Generalized Young measures and the hydrodynamic limit of condensing zero range processes

Condensing zero range processes (ZRPs) are stochastic interacting particle systems that exhibit phase separation with the emergence of a condensate. Standard approaches for deriving a hydrodynamic limit of the density fail in these models, and an effective macroscopic description has not been rigorously established, yet. In this article we prove that the limiting triple $(\pi,W,\sigma)$ of the empirical density, the empirical current, and the empirical jump rate of the ZRP satisfies the continuity equation $\partial_t\pi=-{\rm{div}}W$ in the sense of distributions.
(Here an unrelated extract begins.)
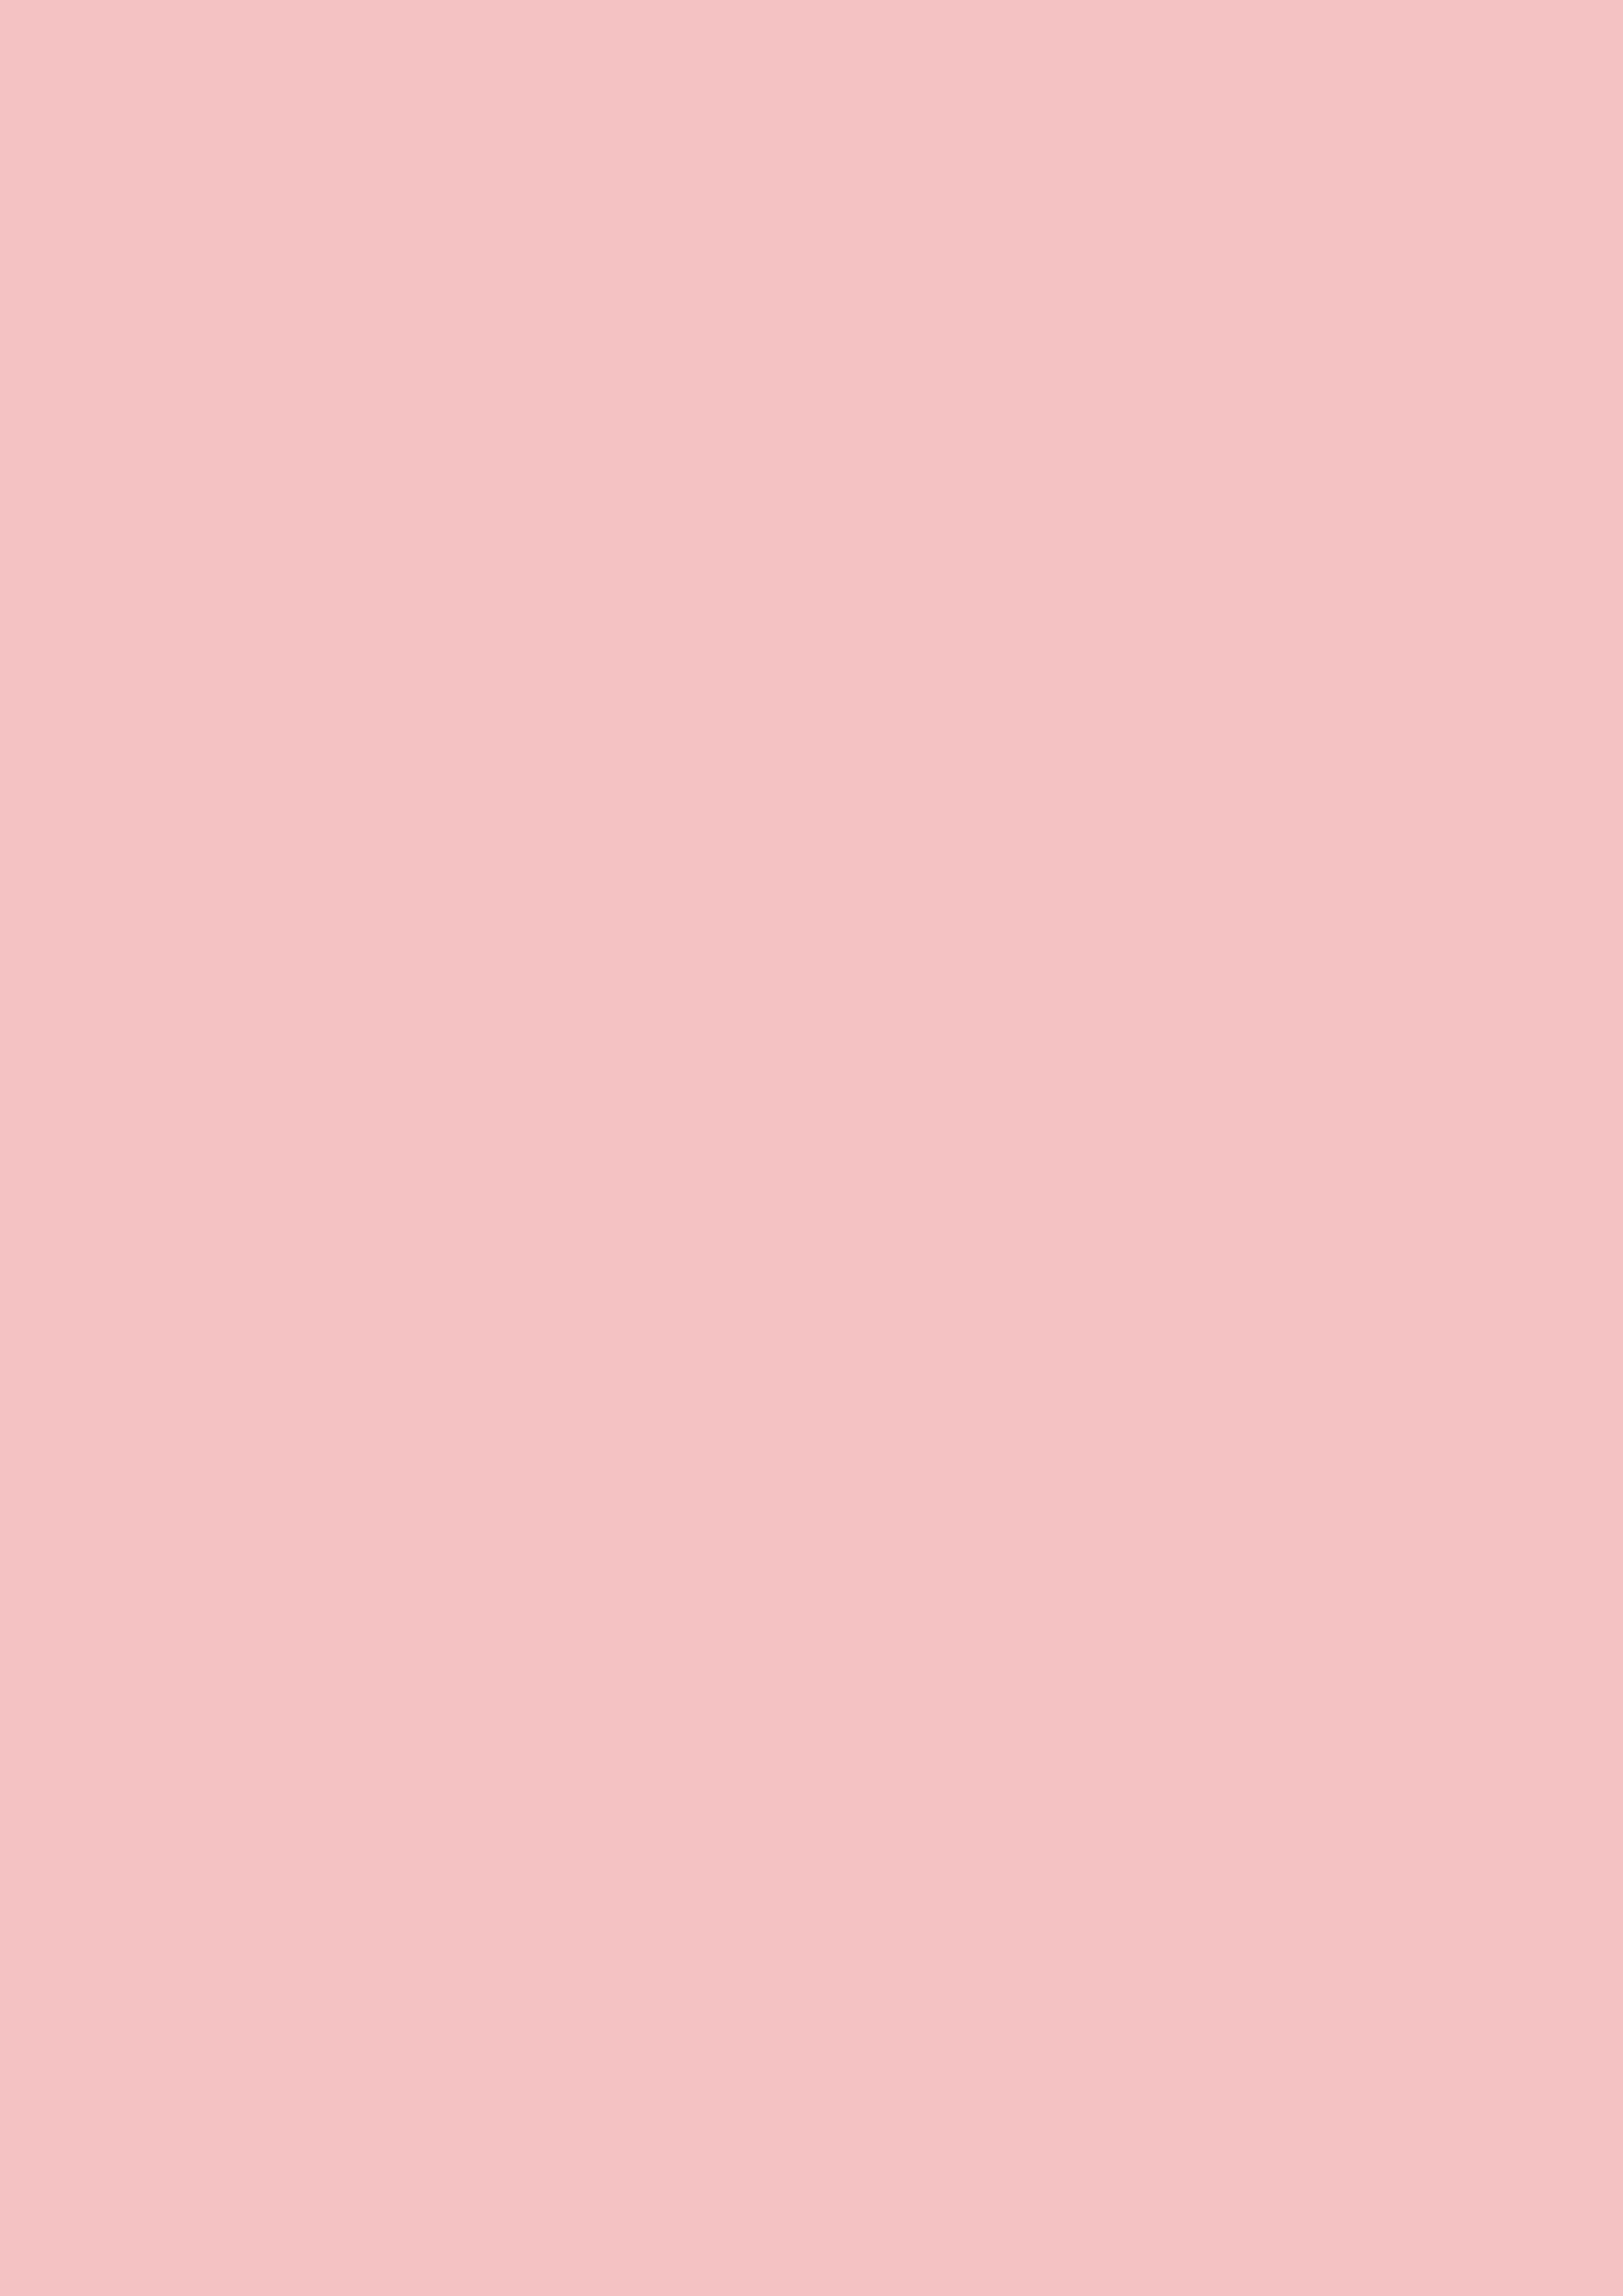 2480x3508 Tea Rose Rose Solid Color Background

Here $(\pi_t)_{t\geq 0}$ is a $w^*$-continuous curve of finite non-negative measures on the torus $\mathbb{T}^d$, $\sigma_t\in H^1(\mathbb{T}^d)$ and $W_t=-\nabla\sigma_t$ is a vector-valued measure that is absolutely continuous with respect to the Lebesgue measure, for all almost all $t\geq 0$. In order to obtain a closed equation we propose a generalization of Young measures and we prove that for symmetric ZRPs on the torus, the hydrodynamic limit of the density is a generalized Young-measure-valued weak solution $\boldsymbol{\pi}=(\boldsymbol{\pi}_t)_{t\geq 0}$ to a saturated filtration equation $\partial_t\boldsymbol{\pi}=\Delta\Phi(\boldsymbol{\pi})$. Furthermore we prove a one-sided two-blocks estimate and we give an equivalent criterion for its validity. Assuming the validity of the two-blocks estimate one obtains the equation $\partial_t\pi=\Delta\Phi(\pi^{ac})$ for the empirical density, where $\pi=\pi^{ac}+\pi^\perp$ is the Radon-Nikodym decomposition.